By: Richard D. Cummings
One of the smallest known naturally-occurring glycoprotein in mammals is likely to be CD24, also known as nectadrin. Although it behaves in analyses as a 23-60 kDa glycoprotein, the glycoprotein from mice has only 27 amino acids (human protein has 30 amino acids) (1-3). Although tiny, it has a GPI-anchor at its C-terminus, three potential sites for N-glycosylation, and several sites for O-glycosylation. Many, many dozens of different glycans are present, indicating that this tiny glycoprotein also has perhaps the greatest diversity of glycoforms for any glycoprotein its size (4).
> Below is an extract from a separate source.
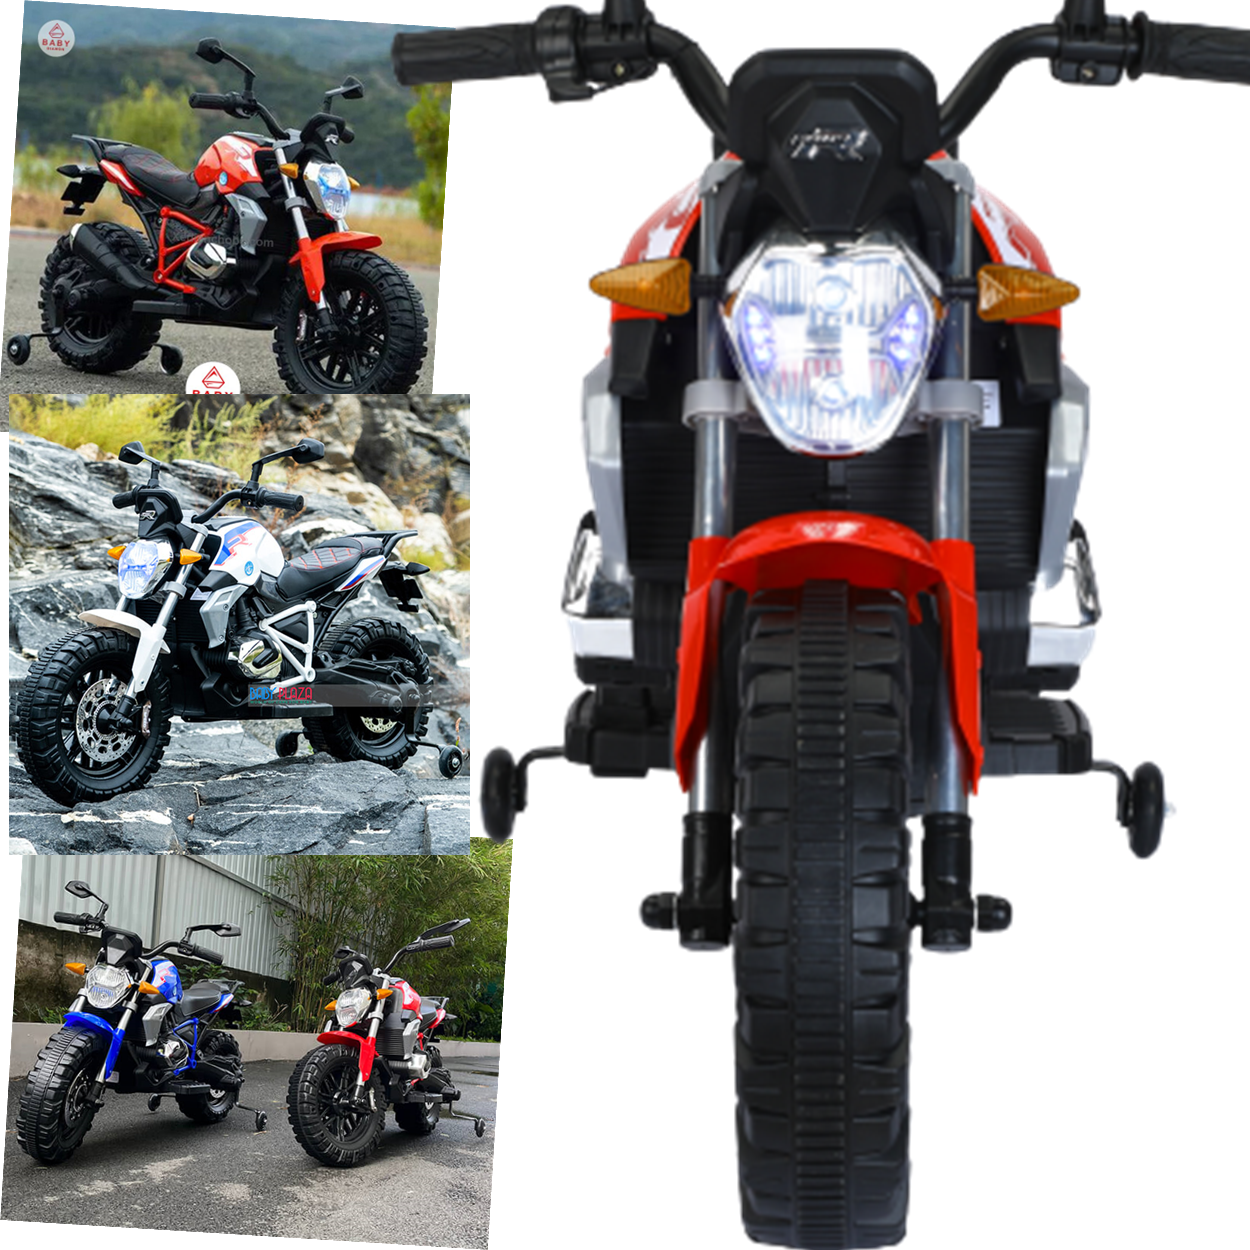 Moto Eletrica Infantil Shiny Toys Ducati Monster 6V Vermelha - Shiny Toys -  Brinquedos é na Bmtoys

The largest glycoprotein in mammals is probably MUC16, a mucin of ~22,000 amino acids (5,6) and over 50% of its mass is carbohydrate (6), but little is known about the repertoire of O-glycans on the natural molecule. Interestingly, assuming 3.5 Å per amino acid, so a 10 amino acid linear chain would be 3.5 nm approximately, this 20,000 amino acid protein might be at least 70 microns in length. That is an amazing size, as the typical epithelial cell diameter is ~15 microns; thus, a MUC16 molecule could presumably wrap around the cell several times. How it enters and exits the Golgi apparatus where it is glycosylated, an organelle of ~2 microns in many cells, is a mystery!